A Jew is anyone, of any race or color or ethnicity or background, who has a Jewish soul.

And any person who perseveres and becomes a Jew despite all discouragement does have a Jewish soul.

So of course there is no difference.

But if someone announces to me that s/he has just converted (and of course I don't ask; since the very fact of asking would be discrimination)--IF someone is so happy that they want to tell the world--then I say, "Welcome home."

And the person usually says, "That's how it feels to me."
January 6, 2014
Re: Race
"Race" is the wrong word is that there are white Jews and dark Jews, Oriental Jews, and Hispanic Jews.

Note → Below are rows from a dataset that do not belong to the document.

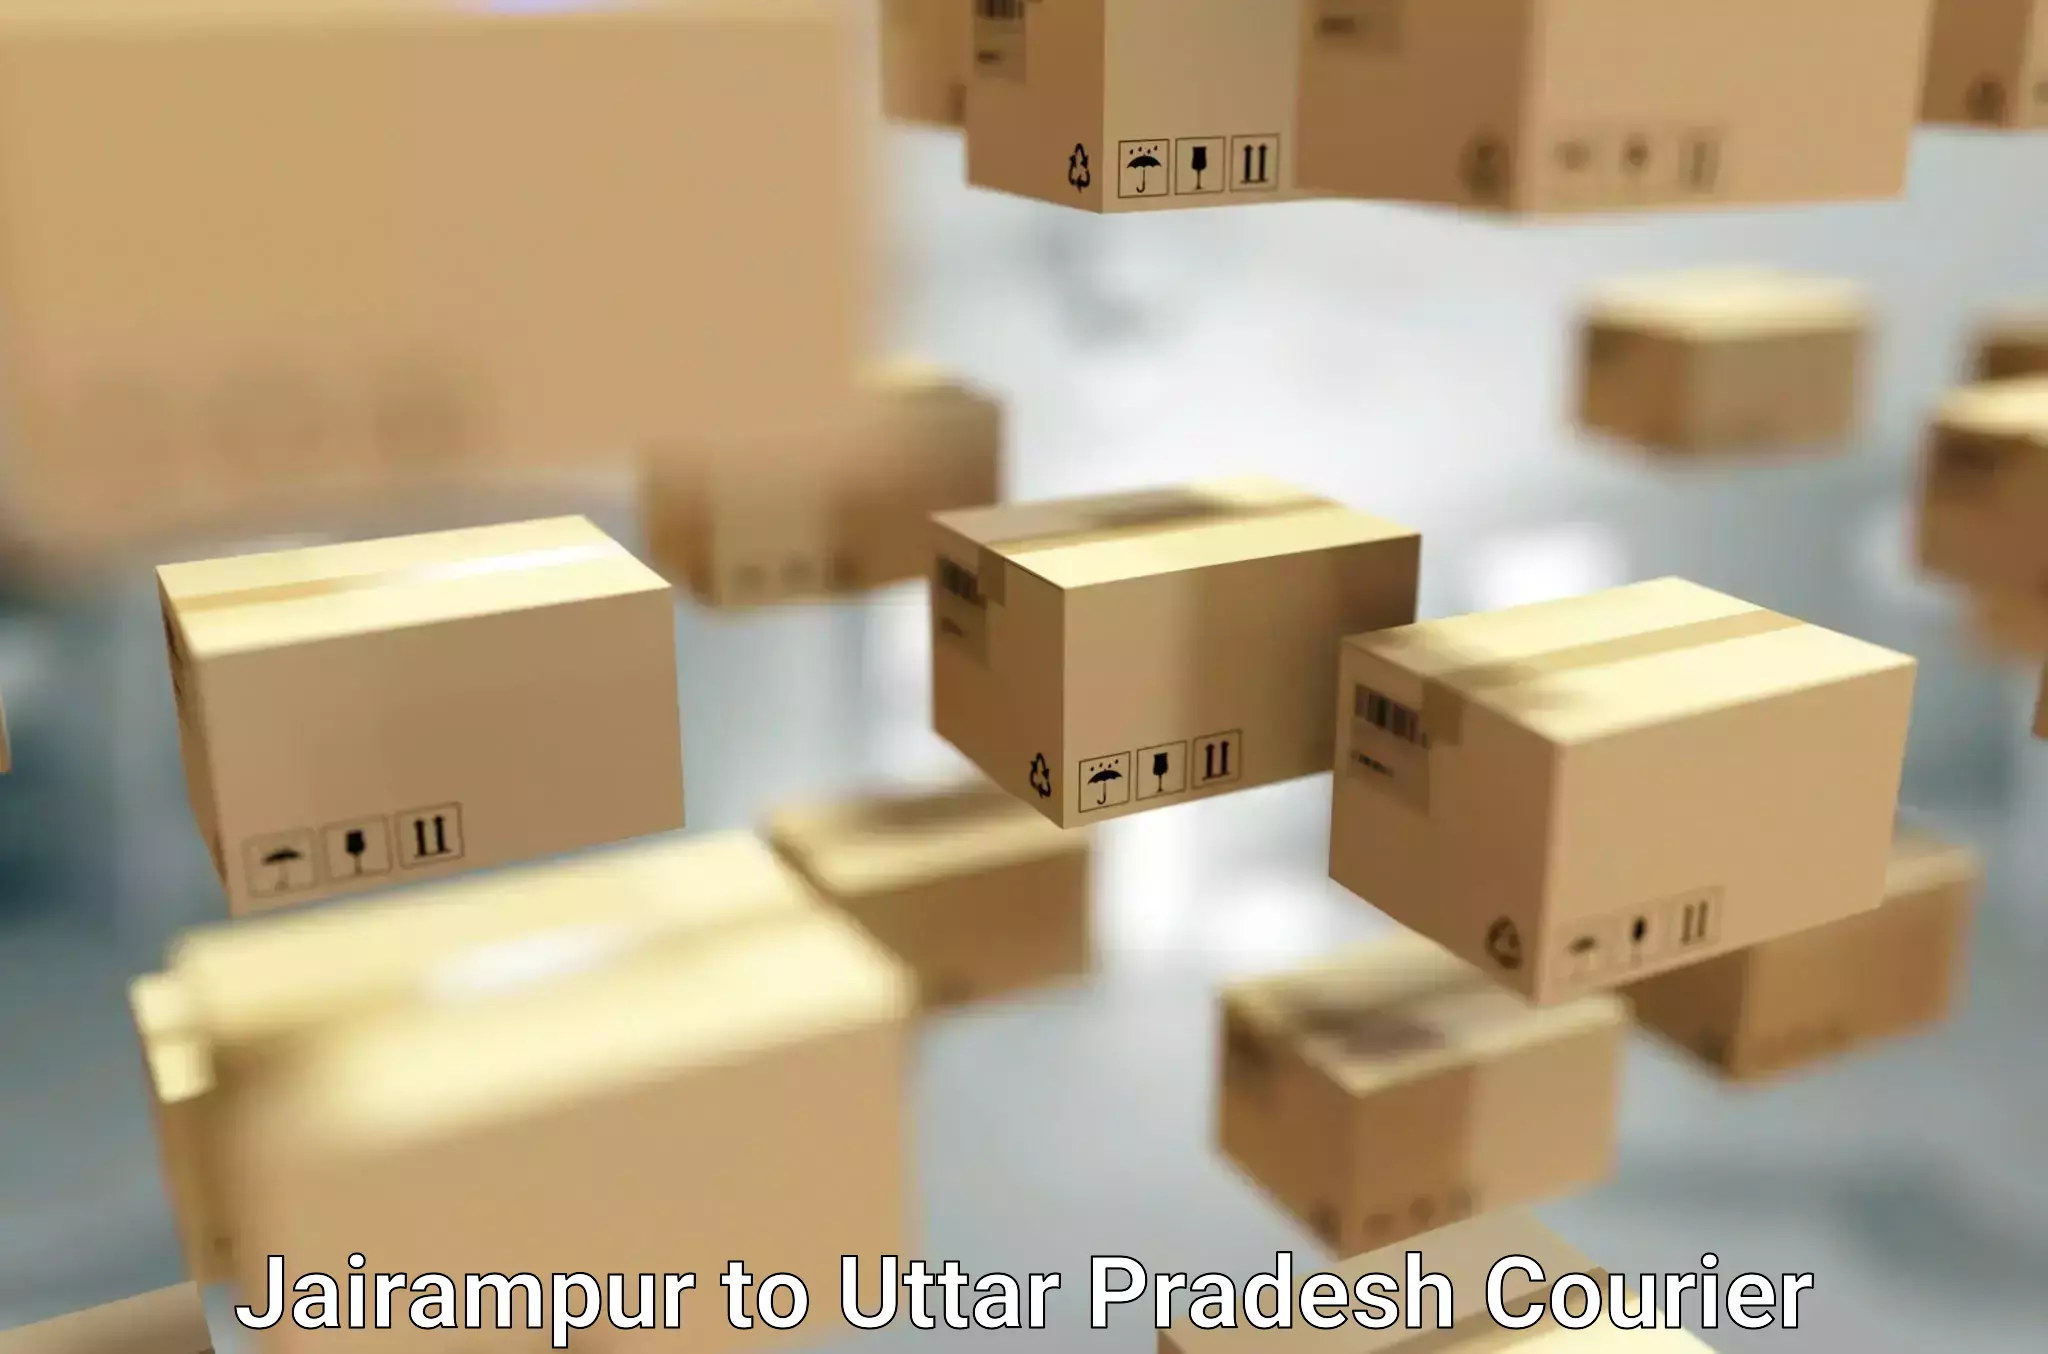 Efficient relocation services Jairampur to Uttar Pradesh
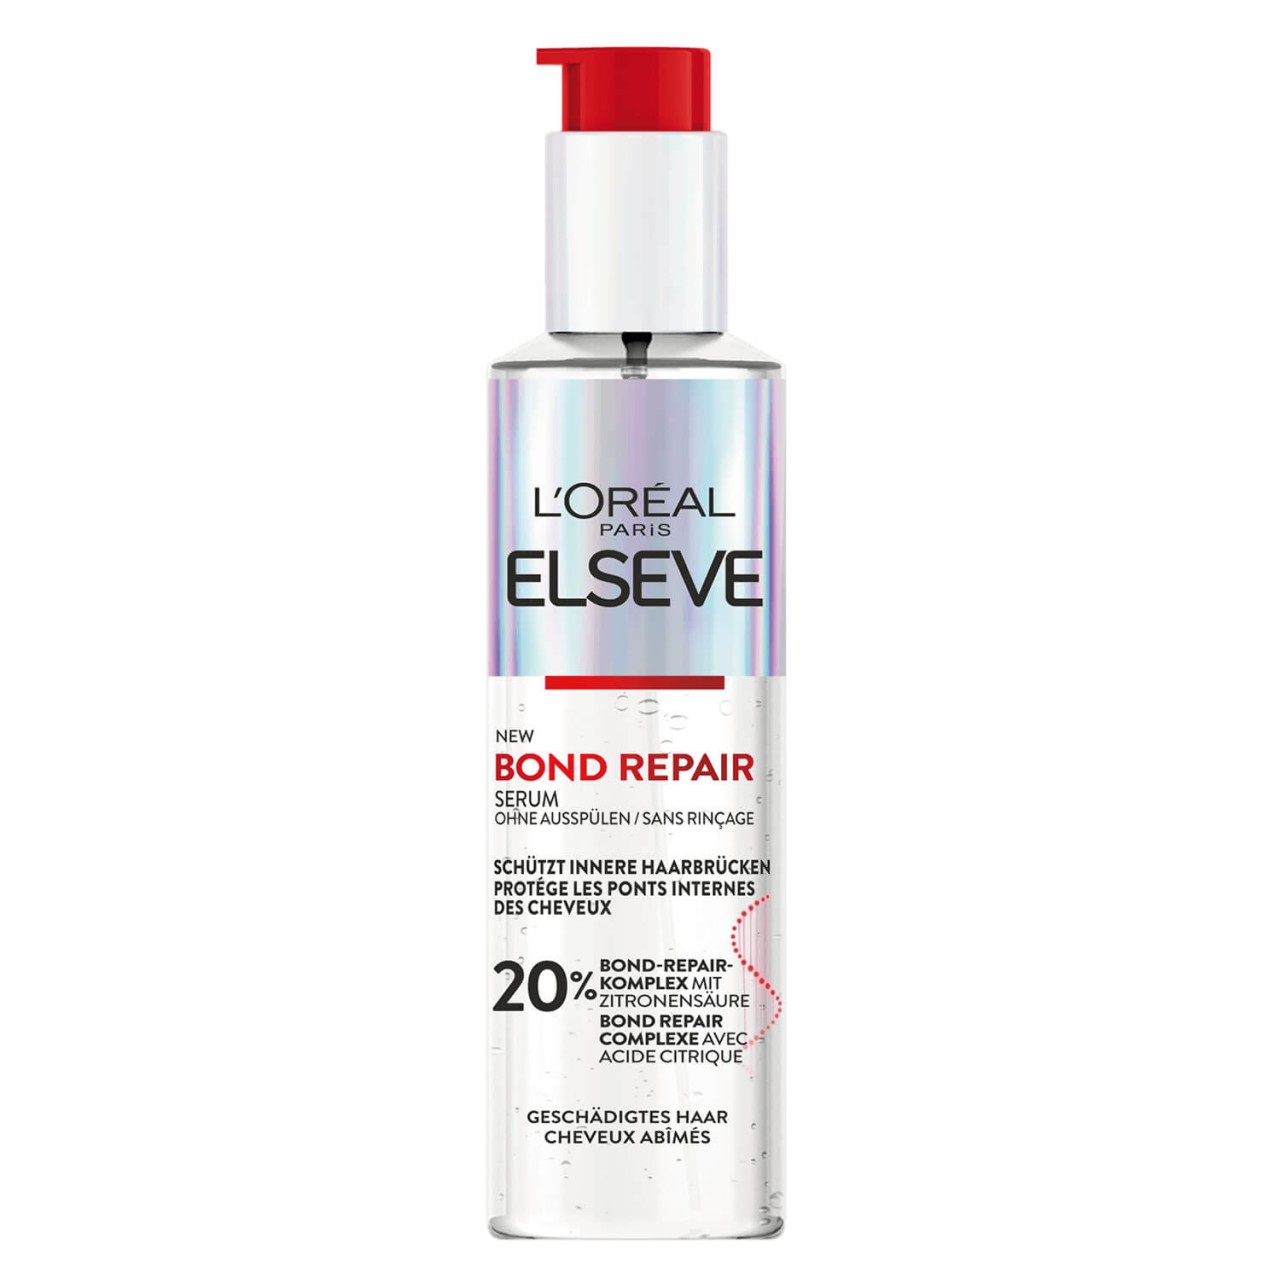 LOréal Elseve Haircare - Bond Repair Serum von L'Oréal Paris
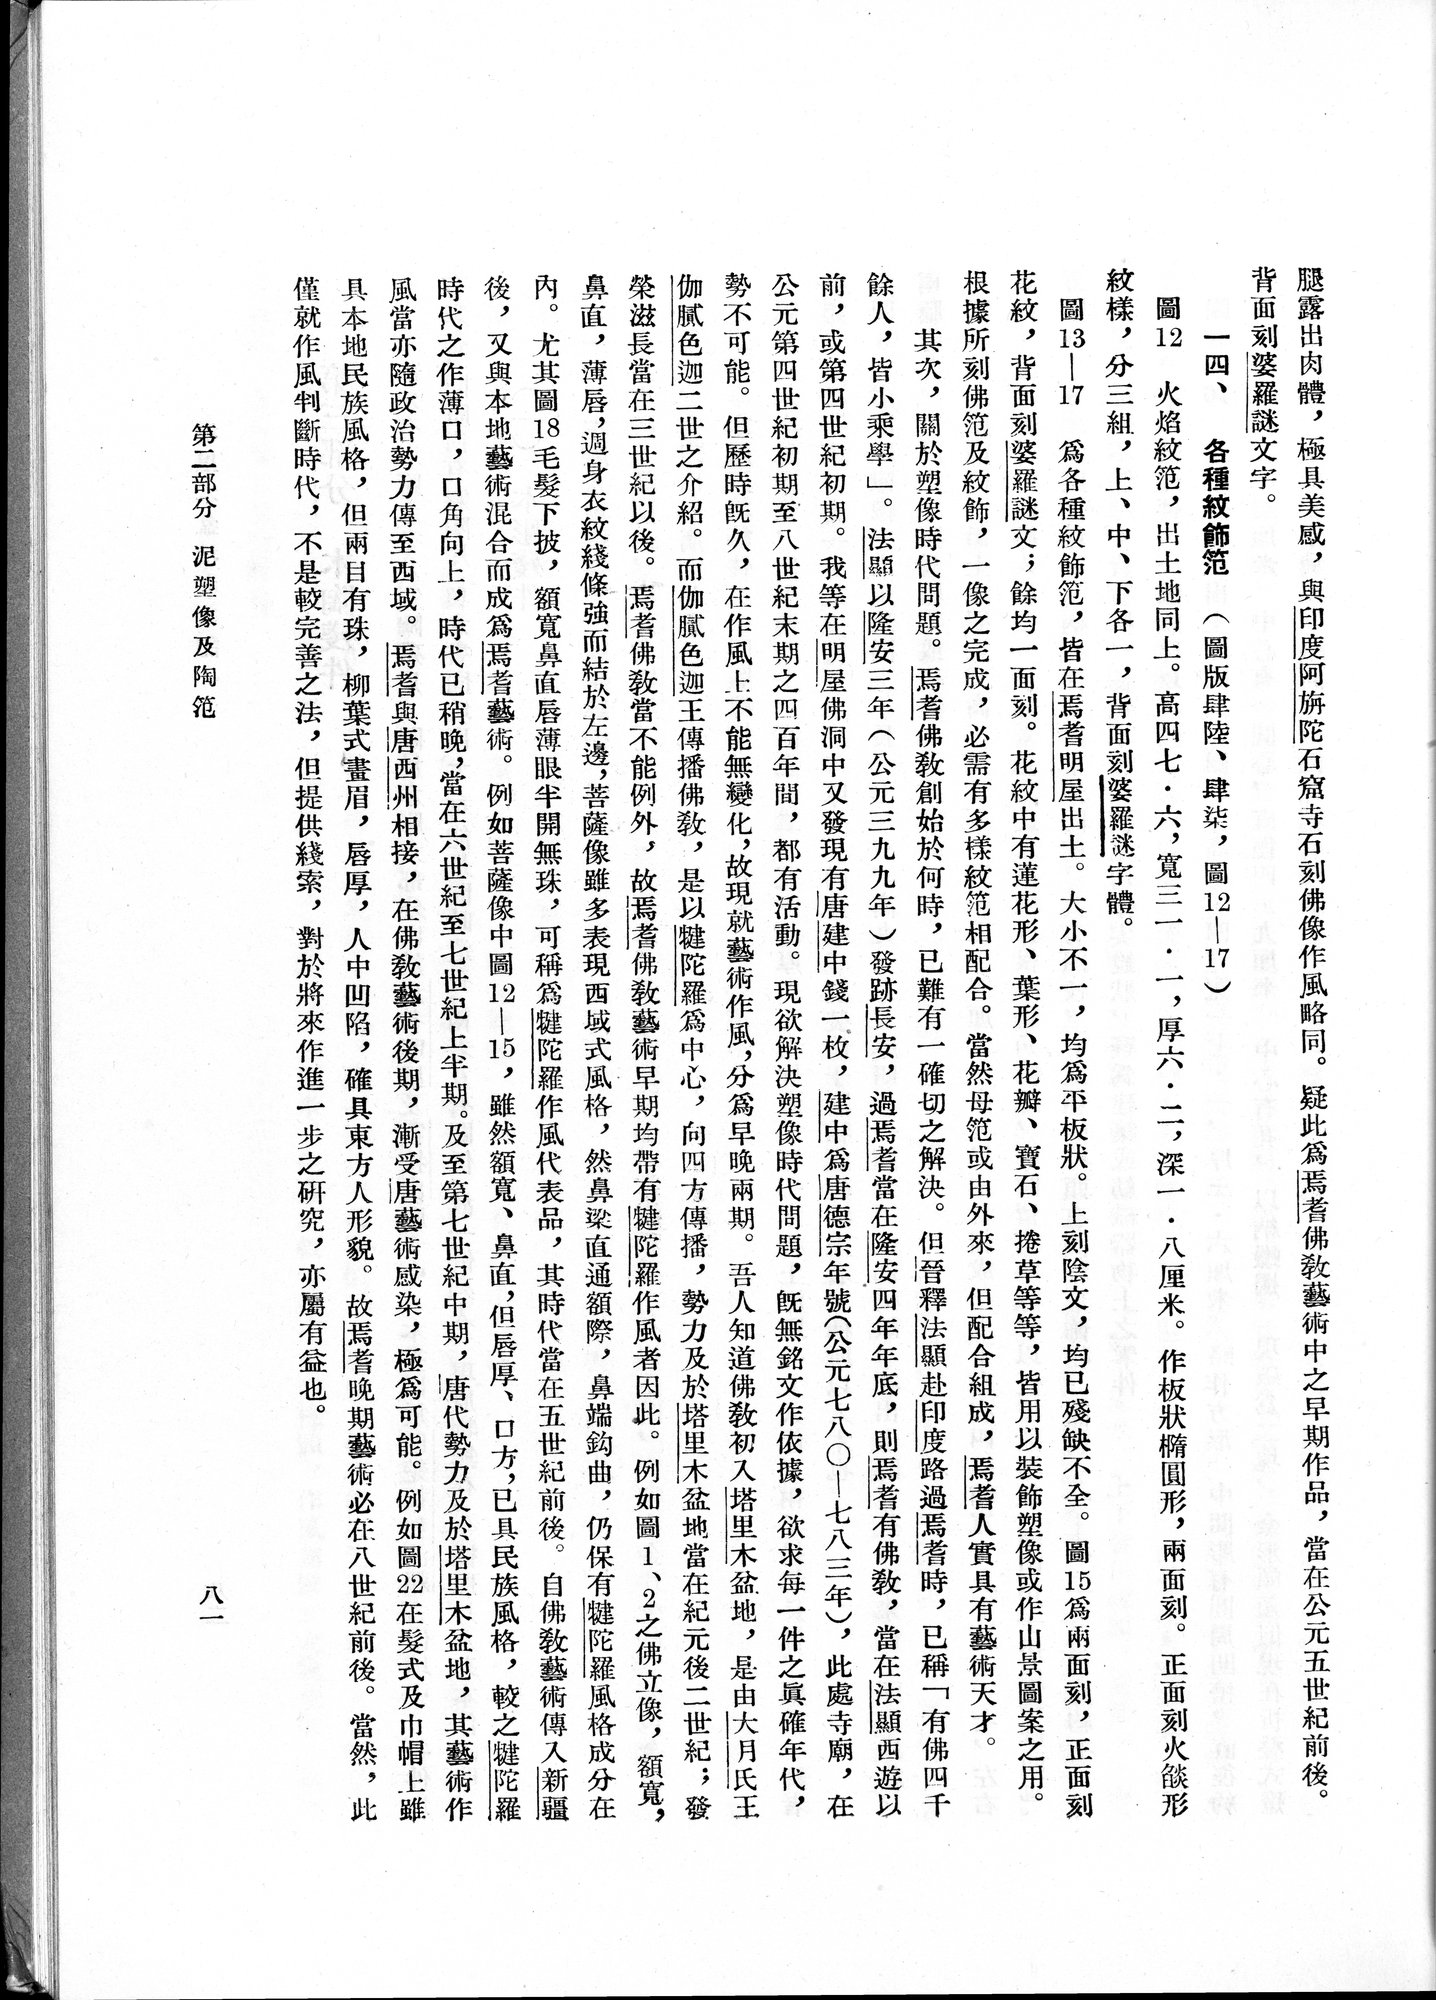 塔里木盆地考古記 : vol.1 / Page 145 (Grayscale High Resolution Image)

Rather, the best way to look at it is "family." We're all one family. Even if one (sadly) does not adhere to the family rules, you're still part of the clan. It's something built-in that can not go in.
Yisroel Cotlar
Cary, NC
January 5, 2014
To Shoshana
I myself am not a Jew because I simply don't believe in God or souls to begin with. I was BORN a Jew but decided not to maintain the label because I lost my faith in religion as a whole. I identify as an atheist.

To Shoshana:
Don't recognize conversion out? You don't recognize my identity as an atheist? I HAVE to be a Jew because my mom is a Jew.. wow...

Regarding studying the people and the religion, I had 13 years of religious day school, K-12.

This is a trend among reform and conservatively educated wishy-washy flip-flop practice-when-its-convenient Judaism. Over 50% of us are inter-marrying. Sadly, some of our parents (like mine) disapprove of our decisions, causing tension and inharmonious relationships.

Shame on you if you are willing to sacrifice your relationship with your kids to uphold a Jewish "bloodline" "soul-line" "religious-line" "faith" "tradition" or "population density". Let them love freely.
Los Angeles
January 4, 2014
To Anonymous
I have followed this forum for years. I attended an Ivy League school and nearly all of my 'white' friends are Jewish. I am not, though I am a minority and understand discrimination and the pressure from one's parents for continuity to marry within one's race/culture. I married outside my race/culture and so far it has been wonderful - we both learn so much from each other every day and have grown to cherish our different backgrounds and try to present the best of each to our mixed children.

It is a very sensitive topic but it is my conclusion that many Jewish people are ironically guilty of perpetuating the same type of ethno-centric 'racism' that they themselves have been persecuted for for centuries.

Is Judaism a religion, or an ethnic group/culture?

I love my Jewish friends very much. I think they are vastly different from those who've posted on this forum - for them, there is no difference btwn someone who has converted and someone born a Jew.
humbly disagreeing
January 4, 2014
non-Jewish girl friend
The reason we say, "once a Jew always a Jew" is because Judaism does not recognize conversion out. Which means that whoever is born a Jew remains one.
It has nothing to do with racism.

If you marry your non- Jewish girlfriend, your children will not be Jewish. You will have ended your ties with your 4,000 yr old family, starting with Abraham and Sarah.

Before you take such a drastic step, I would advise you to learn about yourself. See who your people were, what illustrious ancestors you have.
Find out why we are called the "eternal people", delve into the covenant that G-d made with us on Mt. Sinai and see what it's all about.

Even if you say that you don't believe in all that, if can't hurt to check it out. Sort of like a research paper. We have such a rich history, there is so much wisdom here, it would be a tragedy for one to turn his back on it without first checking it out.

You wrote "eugenics",( which I had to look up in my Websters,) and it's not that at all.